Monday, May 9, 2011

Military bomb kills 4 boys

By RAWLINGS OTIENO and CYRUS OMBATISome desks at Maroroi Primary School will be empty today after a mortar bomb left behind on a field by soldiers during a training exercise killed four pupils.
The school is in Ol Maroroi village near Ngong town, some 40 kilometres from Nairobi. A fifth child is fighting for his life at a city hospital where he was rushed to on Sunday afternoon.
The children, aged between six and 12 years, are relatives with two of them siblings. They picked up the deadly 40mm mortar bomb and played with it, not knowing what it was.
The field where the deaths occurred is near the village.
CLOCKWISE: Stephen Leteyoia, 7, and Joel Sindania, 5, died in the blast; A relative cries after viewing the four bodies; the bomb which was left by soldiers after training in Maroroi, Kajiado North disrict. [photos: COLLINS KWEYU/ STANDARD]

The incident raises questions over the conduct of the military personnel who use the field for training, and why they do not pick up bullets and unexploded ordinances from the field after finishing their exercises.
The last group of soldiers to train at the venue were said to be from the Kenya Airforce.
Locals and police said the soldiers were there for two days about two weeks ago.
The village was in mourning last evening, as senior police officers trooped there to collect the badly disfigured bodies.
Those killed were identified as Letuya Salash, 12, Joel Salash, 8, Sunguya Keshu, 9 and Boniface Masenka, 7.
Body bagsThe bodies were still lying at the scene several hours after the incident, as police waited for body bags to carry them to the mortuary.
"You know they are badly disfigured and hence we cannot carry them just like that," said a police officer.
Panai Keshu, 12, is in hospital with badly damaged legs.

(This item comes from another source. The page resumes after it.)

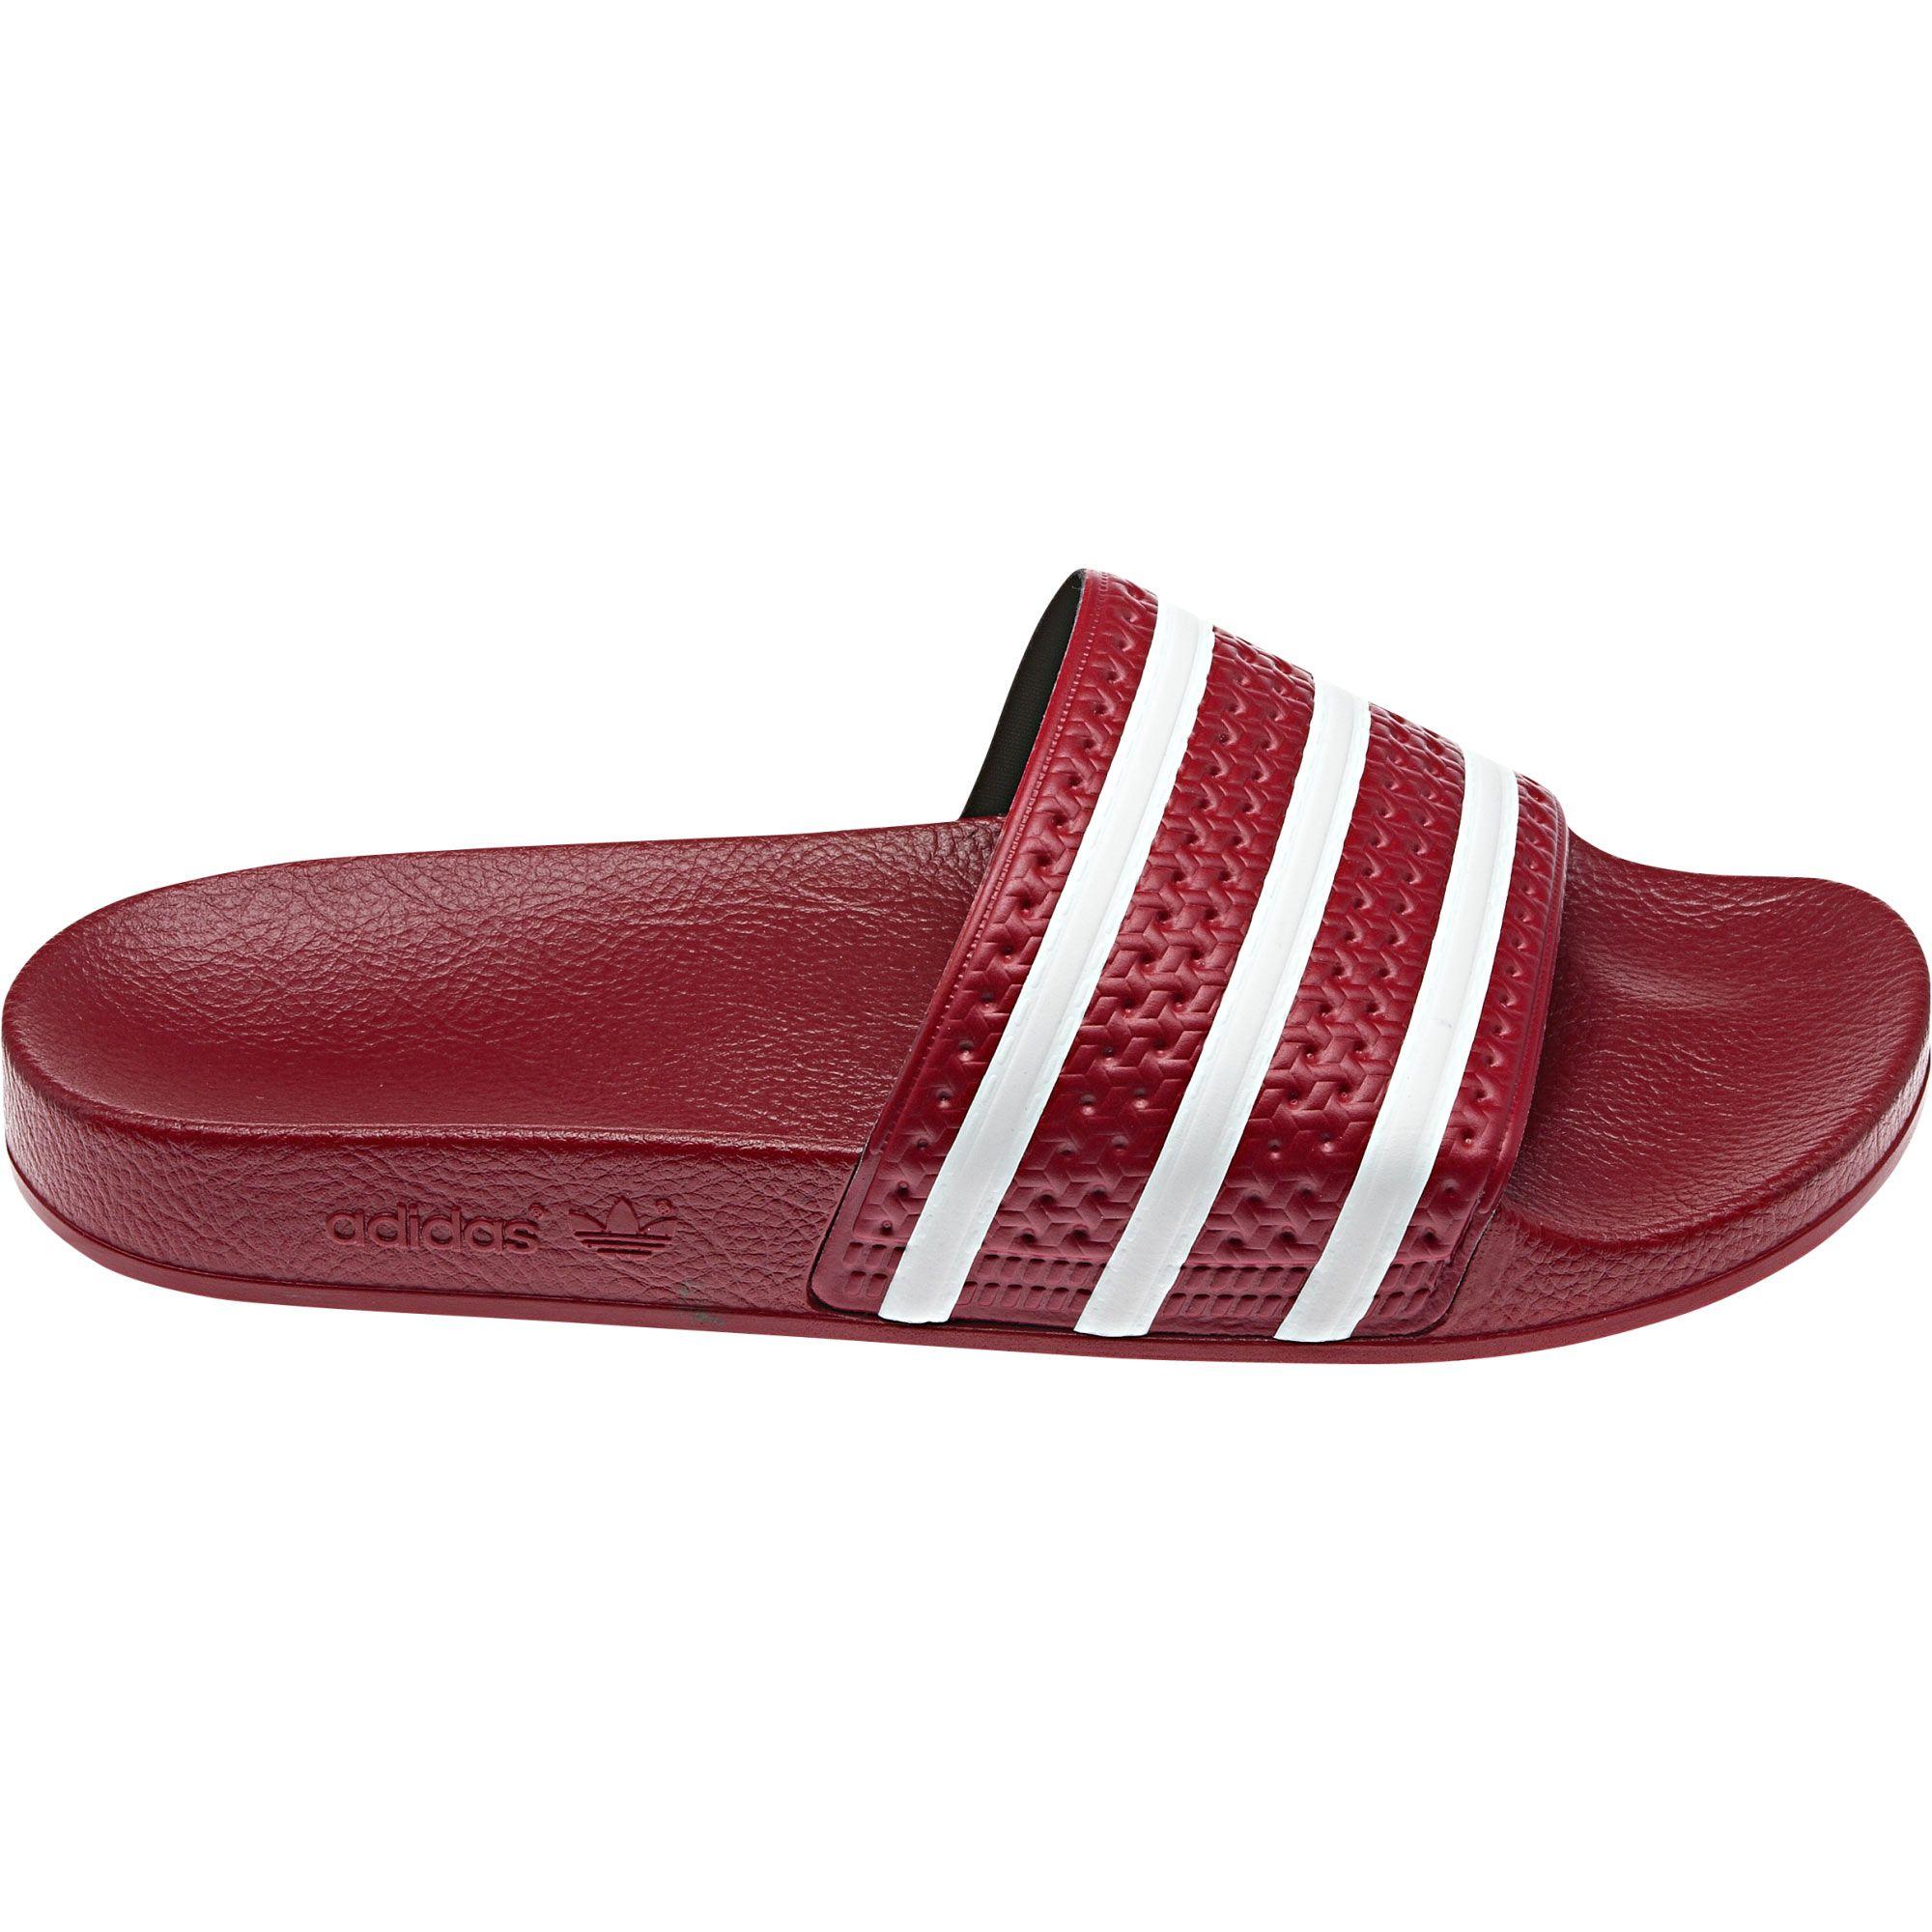 Adidas Adilette Slides rojo

The explosive that hit their faces, abdomen and legs disfigured those who died.
When police arrived at the scene they were informed there was another unexploded mortar bomb lying on a path almost a kilometre away.
The team had to abandon the first scene and rush to secure the area where the unexploded bomb was found, to ensure no more people die.

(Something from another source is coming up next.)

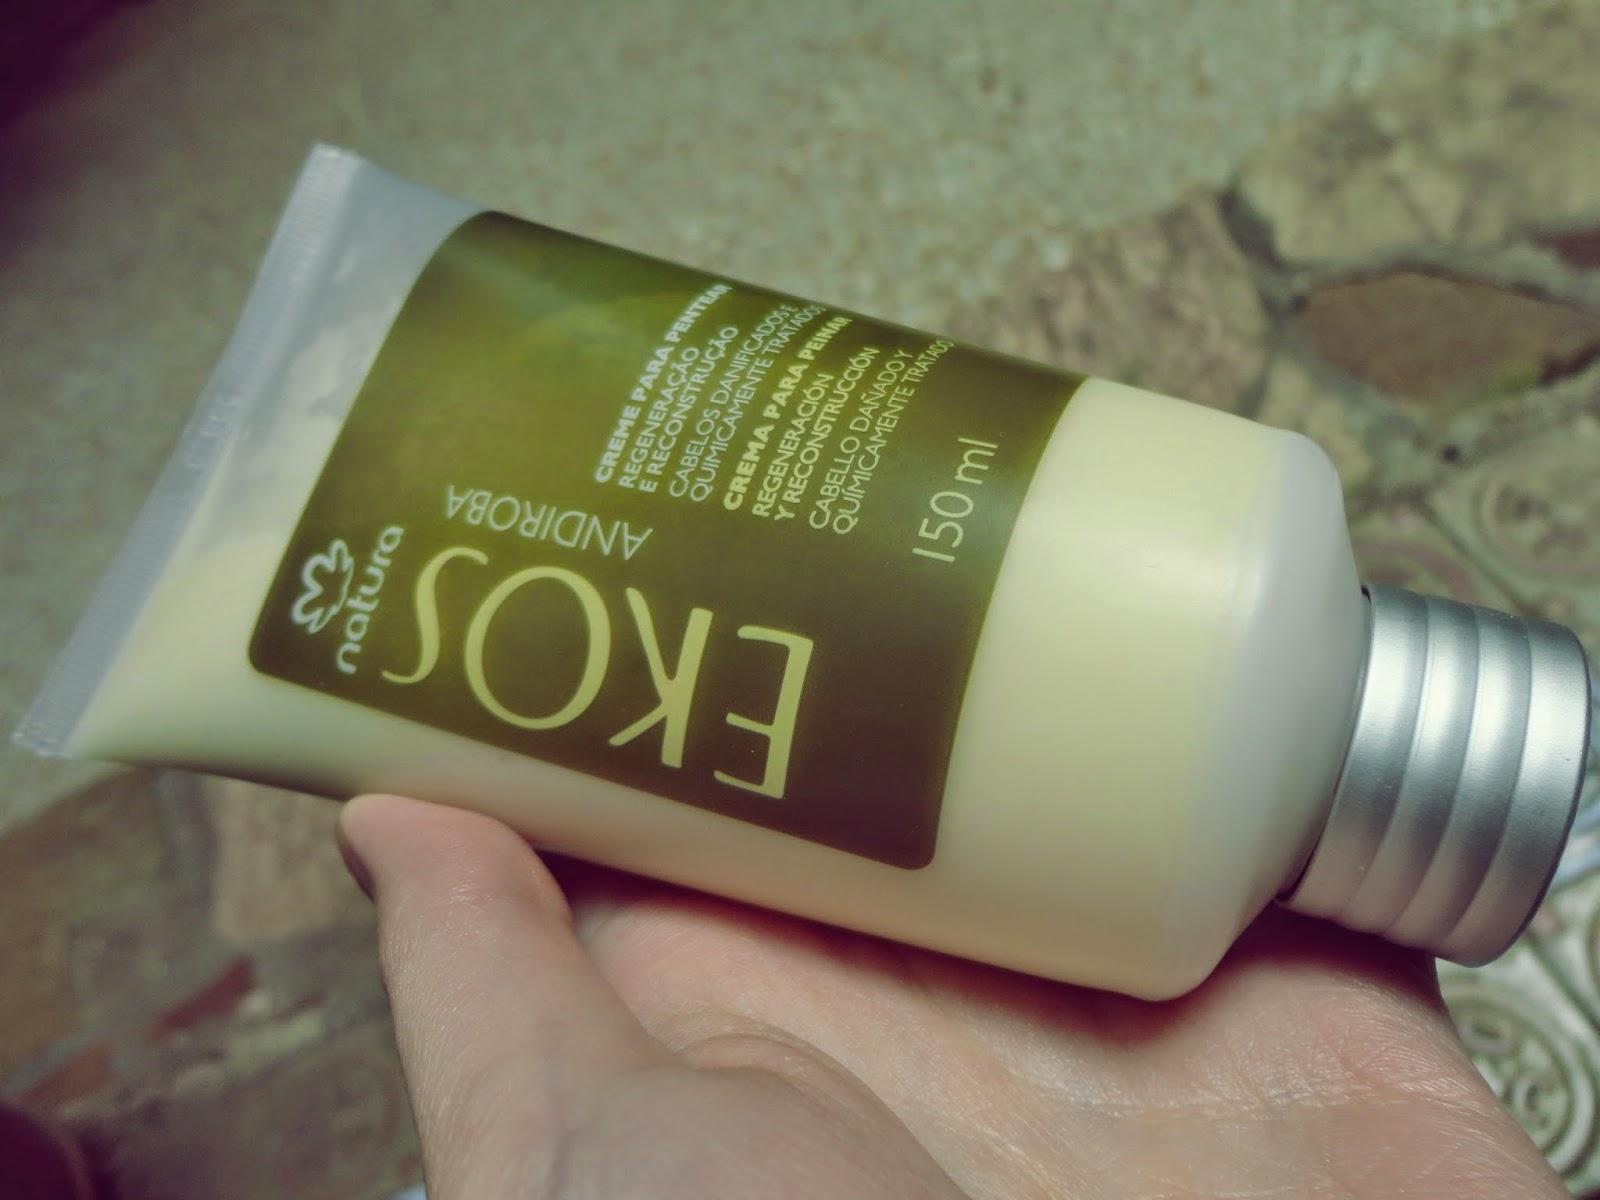 El aceite de linaza la utilidad y el daño como aceptar los cabellos

According to the area chief John Tupana, the explosion was heard several kilometres away.
Tupana said they rushed there and found the bodies a few metres apart from each other before they rushed Panai to hospital.
"We realised the other four were dead. We call upon those who train here to always comb the field to clear such explosives before they leave," he said.
Mortar bomb not grenadeHe said the children were taking livestock home after a daylong grazing mission, when they came across the mortar bomb bomb.
The administrator added that the children ignorantly started to play with the explosive before it went off, killing all four.
A bomb disposal expert who spoke to The Standard said it was a mortar bomb and not a grenade as locals thought earlier.
Tupana said they had picked many live bullets from the area and handed them over to authorities in the past weeks.
Tupana said the incident was the first serious one in years, saying the last similar accident occurred in 1980, when a woman was injured.
Nairobi Area deputy PPO Moses Ombati said they would investigate how the explosives were left there. Given that the matter touches on military personnel, it is likely the Military Police will be involved in the investigations.
"It is unfortunate the explosive has killed innocent children, and that is why a team wants to establish how and why they were abandoned there," he said.
Bomb disposalOfficers from CID’s bomb disposal unit led by the head Eliud Lagat arrived at the area and collected samples of the exploded mortar bomb saying they were yet to know the origin.
The officers said they would destroy the unexploded mortar bomb.
The Ngong incident is not the first one to happen in Kenya. In Samburu where local and military personnel from Britain usually train, bombs and other explosives are usually found abandoned.
There have been protests in the area over the explosives amid calls on authorities to take precautionary measures to deter such deaths.
The two communities in Samburu had sued the British government for injuries caused by military ordinances allegedly left behind by their British Army.
More than 200 accidents have been recorded in the area where the British forces have been carrying out exercises, with 90 percent of them involving children.
The pastoral communities living in Samburu have filed a suit in London through a civil rights law firm Leigh, Day and Company advocates as for compensation.
Yesterday, we could not any comment from the Kenya military on the bomb that killed the four children.